Survival Analysis – How to Interpret CoxPH Survival Regression

cox-modelpythonrsurvival

I have a time to event data. Where 20% of the events are observed, so, 80% of the events are censored. Using this data I developed a CoxPH model using python lifelines. For this data I got model summary like below

Iteration 1: norm_delta = 0.71969, step_size = 0.95000, ll = -11597.41595, newton_decrement = 487.49971, seconds_since_start = 0.2
Iteration 2: norm_delta = 0.41603, step_size = 0.95000, ll = -11042.74025, newton_decrement = 74.48468, seconds_since_start = 0.5
Iteration 3: norm_delta = 0.19189, step_size = 0.95000, ll = -10958.25644, newton_decrement = 8.61687, seconds_since_start = 0.8
Iteration 4: norm_delta = 0.03981, step_size = 0.95000, ll = -10949.05062, newton_decrement = 0.28285, seconds_since_start = 1.0
Iteration 5: norm_delta = 0.00311, step_size = 0.95000, ll = -10948.76412, newton_decrement = 0.00164, seconds_since_start = 1.2
Iteration 6: norm_delta = 0.00016, step_size = 0.95000, ll = -10948.76249, newton_decrement = 0.00000, seconds_since_start = 1.5
Convergence completed after 6 iterations.
<lifelines.CoxPHFitter: fitted with 7350 observations, 5998 censored>
      duration col = T
         event col = label
number of subjects = 7350
  number of events = 1352
    log-likelihood = -10948.762
  time fit was run = 2018-12-17 10:48:35 UTC

---
         coef  exp(coef)  se(coef)        z      p  lower 0.95  upper 0.95     
AGE   -0.0001     0.9999    0.0000 -10.6696 0.0000     -0.0001     -0.0001  ***
GRADE -1.0068     0.3654    0.0450 -22.3973 0.0000     -1.0949     -0.9187  ***
---
Signif. codes: 0 '***' 0.0001 '**' 0.001 '*' 0.01 '.' 0.05 ' ' 1

Concordance = 0.797
Likelihood ratio test = 1297.307 on 2 df, p=0.00000

My objective is using this model I want to predict When the event/action is going to happen for a new sample?

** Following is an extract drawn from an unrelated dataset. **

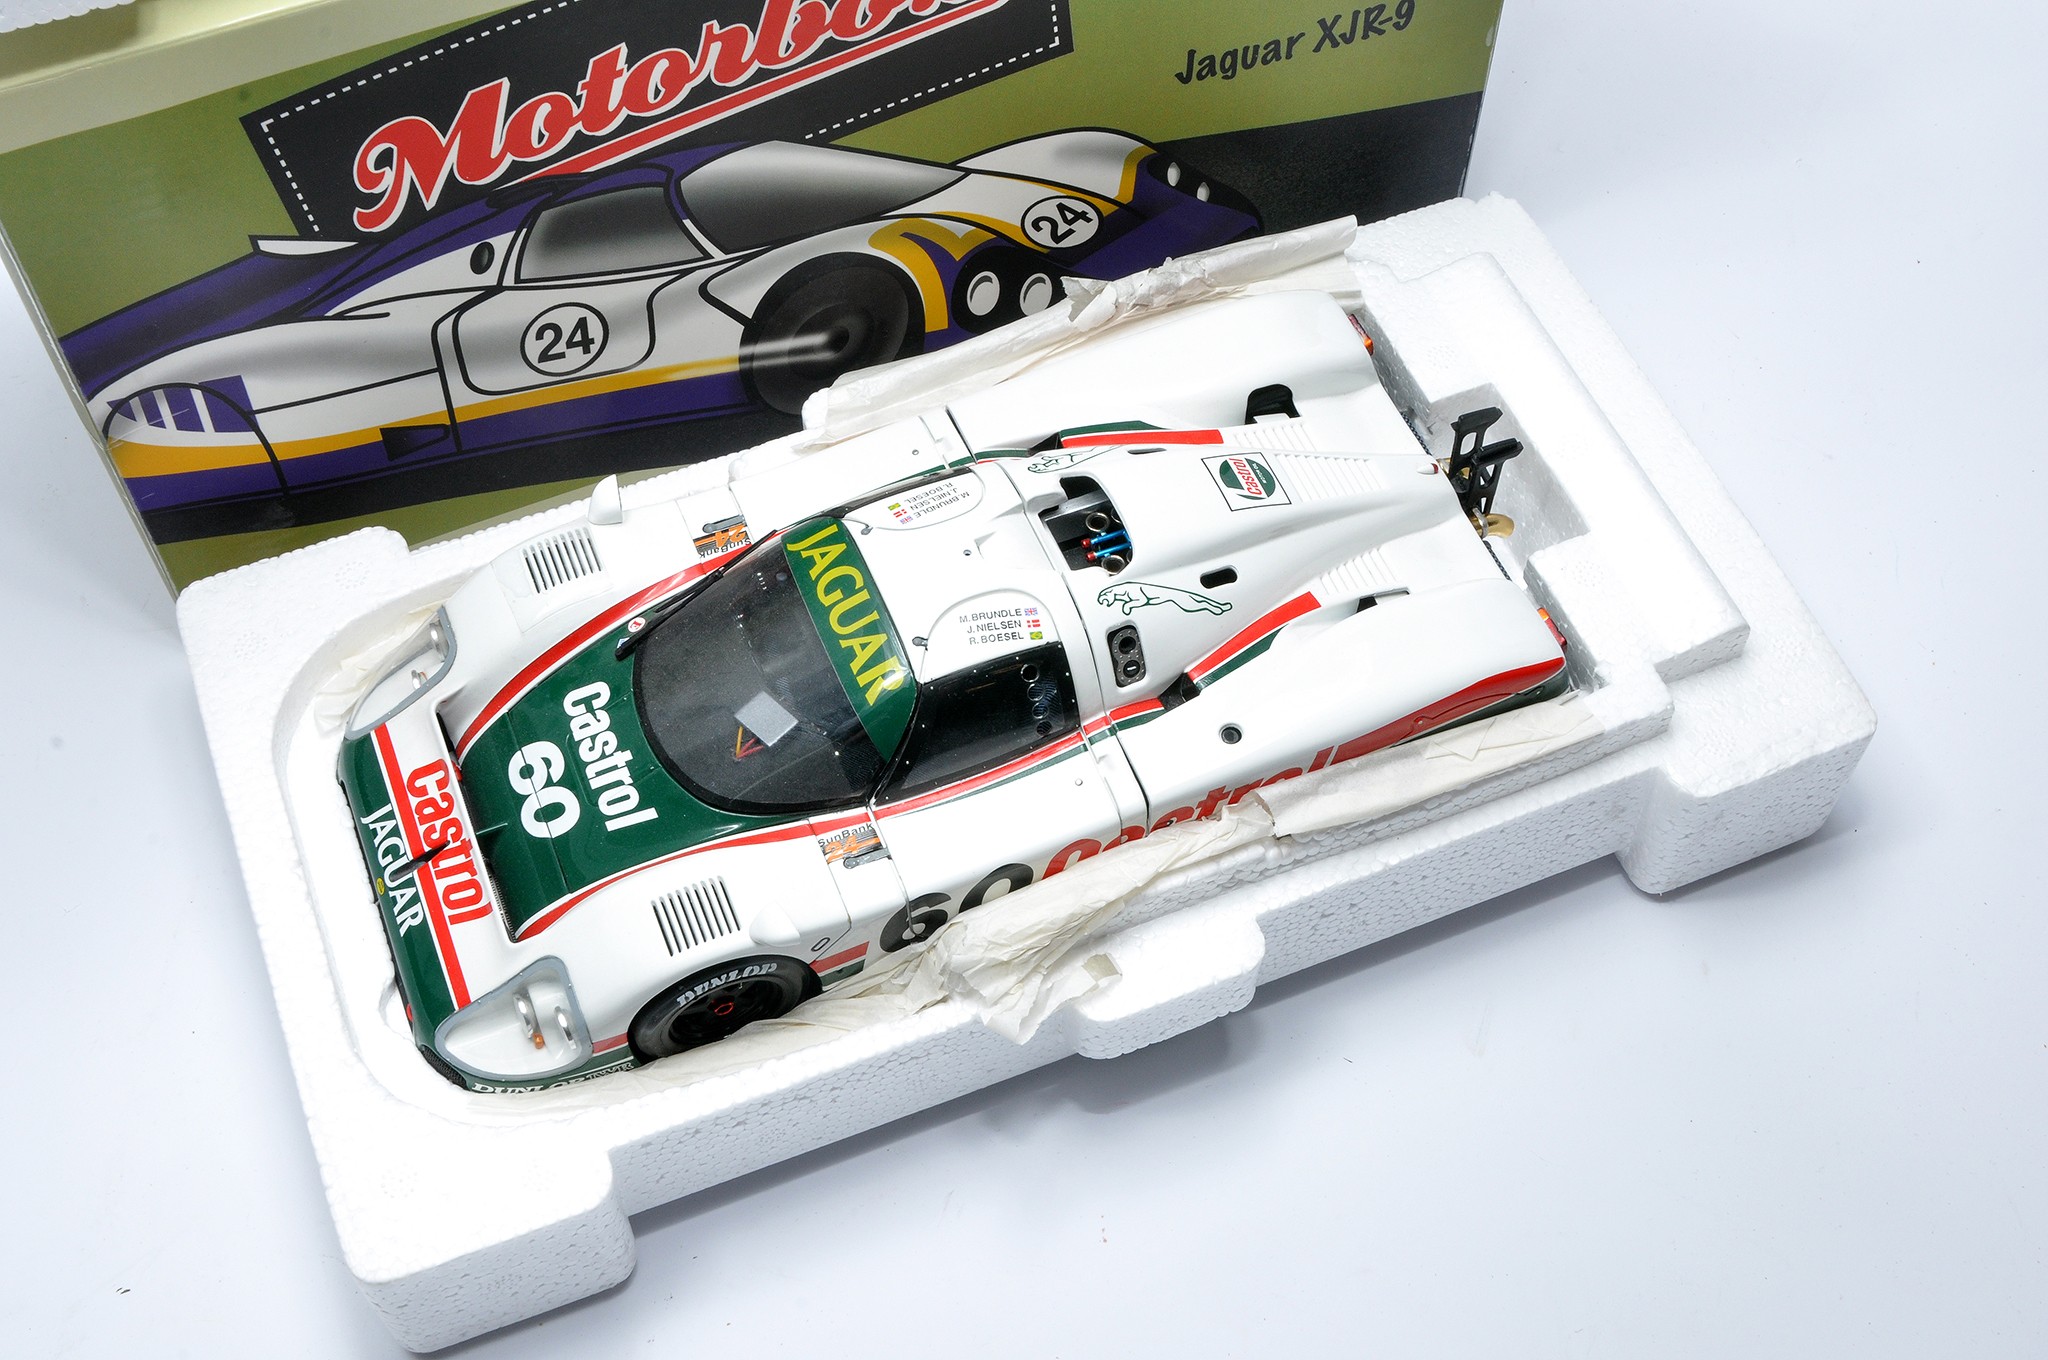 Exoto Motorbox 1/18 diecast model racing car issue comprising Jaguar XJR-9. Looks to be without - Image 2 of 2

I used this method predict_expectation()

As this docs described,

Compute the expected lifetime, E[T], using covarites X.

using the above method I'm getting larger lifetime than expected, for most of the cases. For Example, instead of ~180 days it gives ~1200.

I don't understand Why I'm getting this huge values, even though my concordance value is quite descent.

Am I going into the right direction?
Can I predict When the event/action is going to happen for a new sample using coxPH?

Best Answer

Your problem is probably that, either by default or implicitly, you have obtained predictions out of the range of normal covariate values. Defaults for these kind of predictions are typically to use the survival curve obtained from the baseline hazard function, which would be the predicted survival for a subject with age 0 and grade 0.

Another possible explanation is that you are predicting survival in a group with 100% censoring rate. If you sample kids from newborn status, the majority of them are likely censored as per your description of the dataset, so the model is doing some stupid guessing as to how long they survive, because you asked the model to do so. The only reason the model obtains a prediction for their expected survival is that it borrows on the assumption of a proportional hazard to obtain non-singular hazard ratios for this group and a survival function which descends very little from 100% over the duration of the study.

You haven't given enough detail to confirm or disprove this explanation.